Soon Jim Calhoun is in the big city, a big, burly fish out of water, also searching for his beloved sister. Joining the search party is social worker Lynn (Crosby). But super-evil baddie Johnny Dee (Cannon) is going to make life especially hard for the well-meaning trio, who, despite all their social differences, have banded together to save Betsy from a life of squalor. Will Calhoun and his friends succeed in their TRACKDOWN?
Trackdown is a quality example of the "disgruntled man searching for his wife/sister/daughter" movie exemplified by the likes of Hardcore (1979), Broken Angel (1988), and, most recently, Taken (2008). While there are other examples, Trackdown predates the aforementioned three titles, and, as you might expect, is dripping with 70's style. Thank goodness for movies like Trackdown, which show L.A. back in the day in all its gritty glory. While the surface is loaded with rotary phones, wide ties, and bellbottoms, the underlying message seems to be that the city is filled with harsh realities and uncaring people, and scavengers will take advantage of you if you don't have a support system of people who care.

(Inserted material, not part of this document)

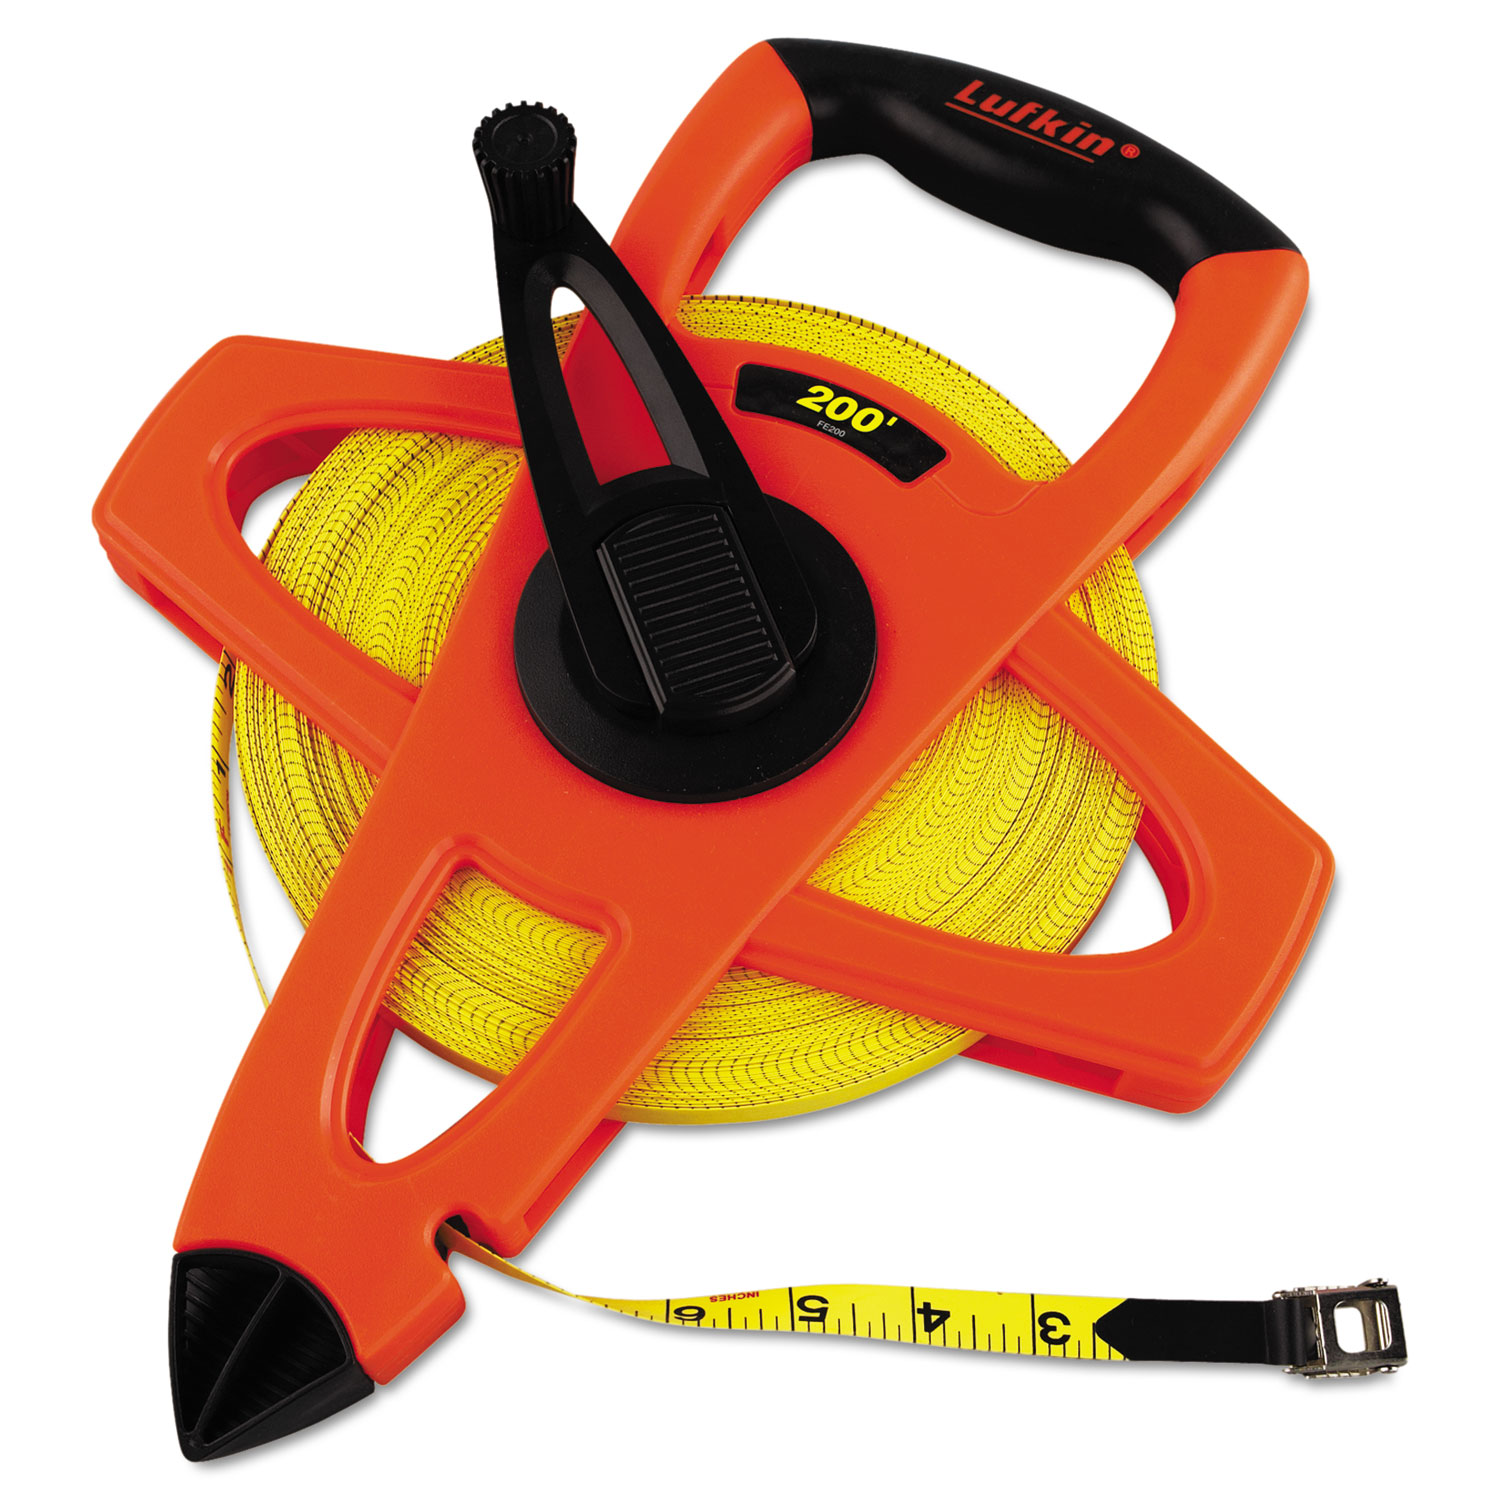 Engineer Hi-Viz Fiberglass Measuring Tape, 1/2x200ft, Yellow Blade, Orange Case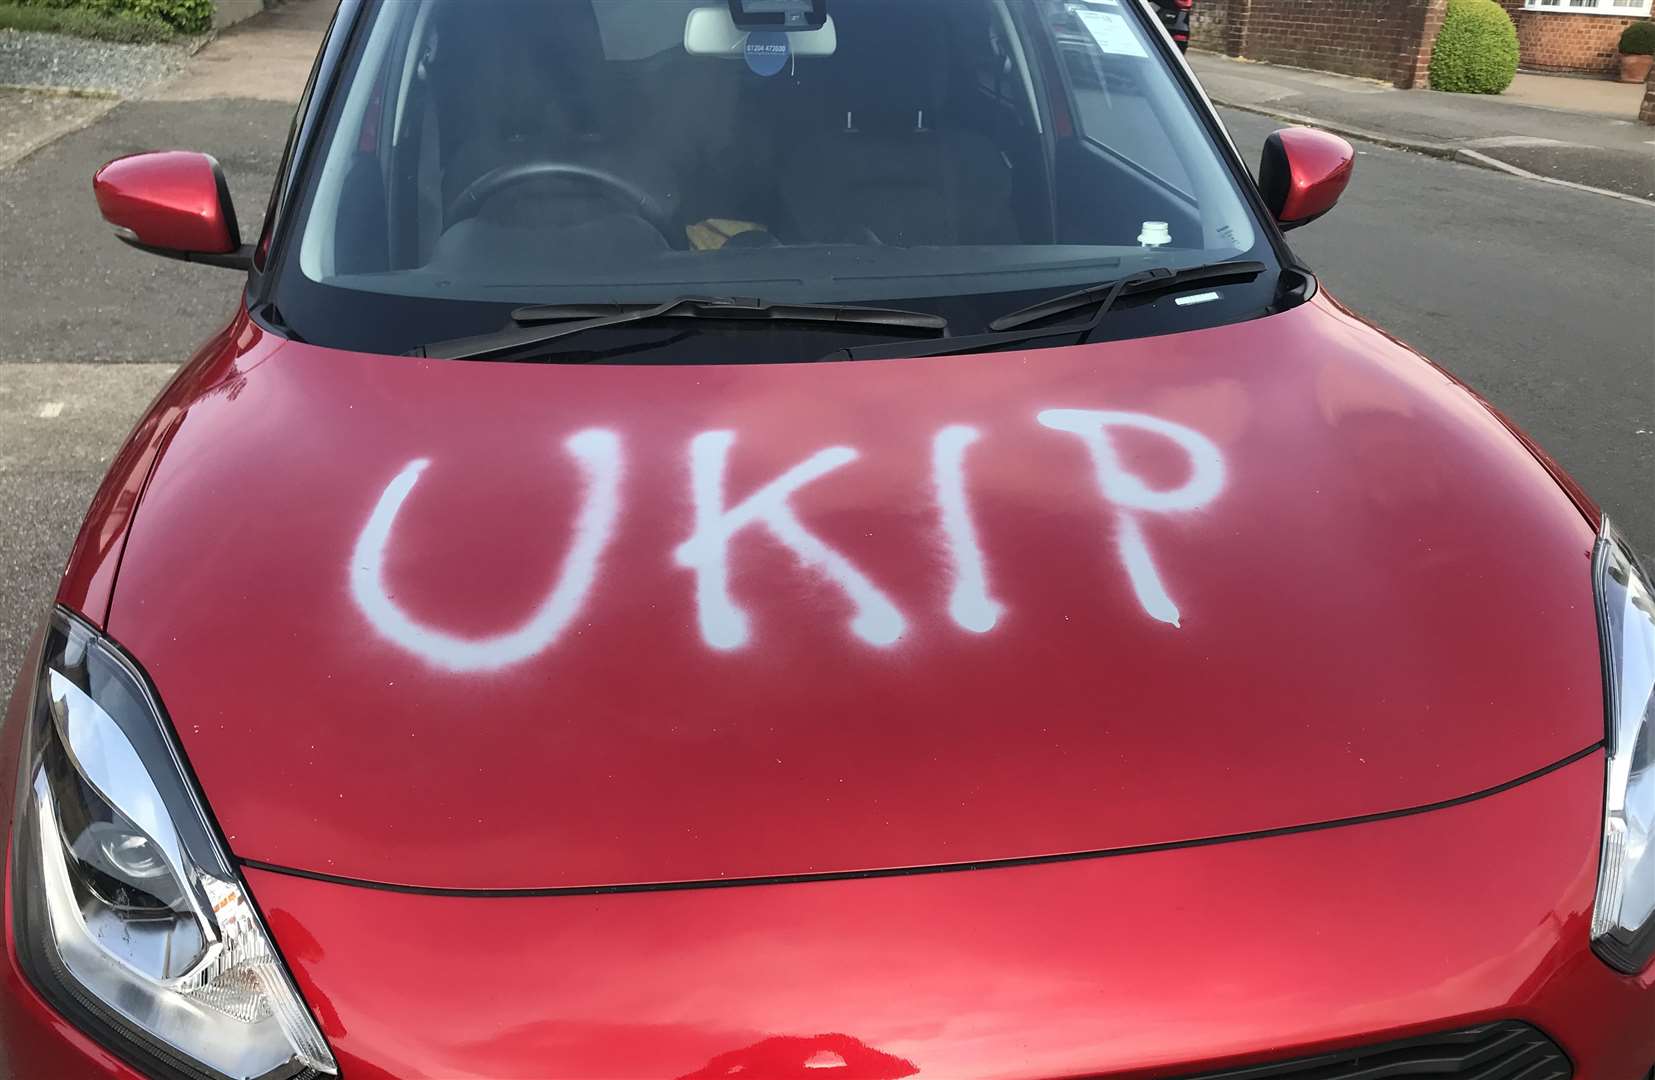 Vandalised: Liberal Democrat candidate Alexander Stennings' car this morning (9535784)

One of those people happens to be Erik Estrada. His youthful energy pours through in this early role, and he has some stylish shirts and a killer van to boot. He even takes Betsy to a very interesting dance club with a live band at one point. Director Heffron was going for realism for the most part, which pays off today in the sense of it being a fascinating time capsule. But the true reward of this realistic approach is that there is no treacly sentimentalism or preachy messages, just Jim Mitchum with a shotgun dispensing Montana justice. Now that's a trackdown we can get behind.
It's hard to pick a favorite Mitchum: Jim, Chris or Robert. Each time we think we have a fave, along comes a Code Name: Zebra (1987) or a mega-winner like the awesome Final Score (1986). But for the purposes of today's review, Jim is in the driver's seat, and we couldn't be happier. Jim Calhoun brings a dose of reality to those L.A. airheads, in the form of some good beat-em-ups and an extremely well-directed action setpiece in an elevator shaft. While Cathy Lee Crosby and Anne Archer provide nice cast additions, Mitchum makes you root for Calhoun. Featuring the end credits song "Runaway Girl" by none other than Kenny Rogers, we feel Trackdown is worth tracking down.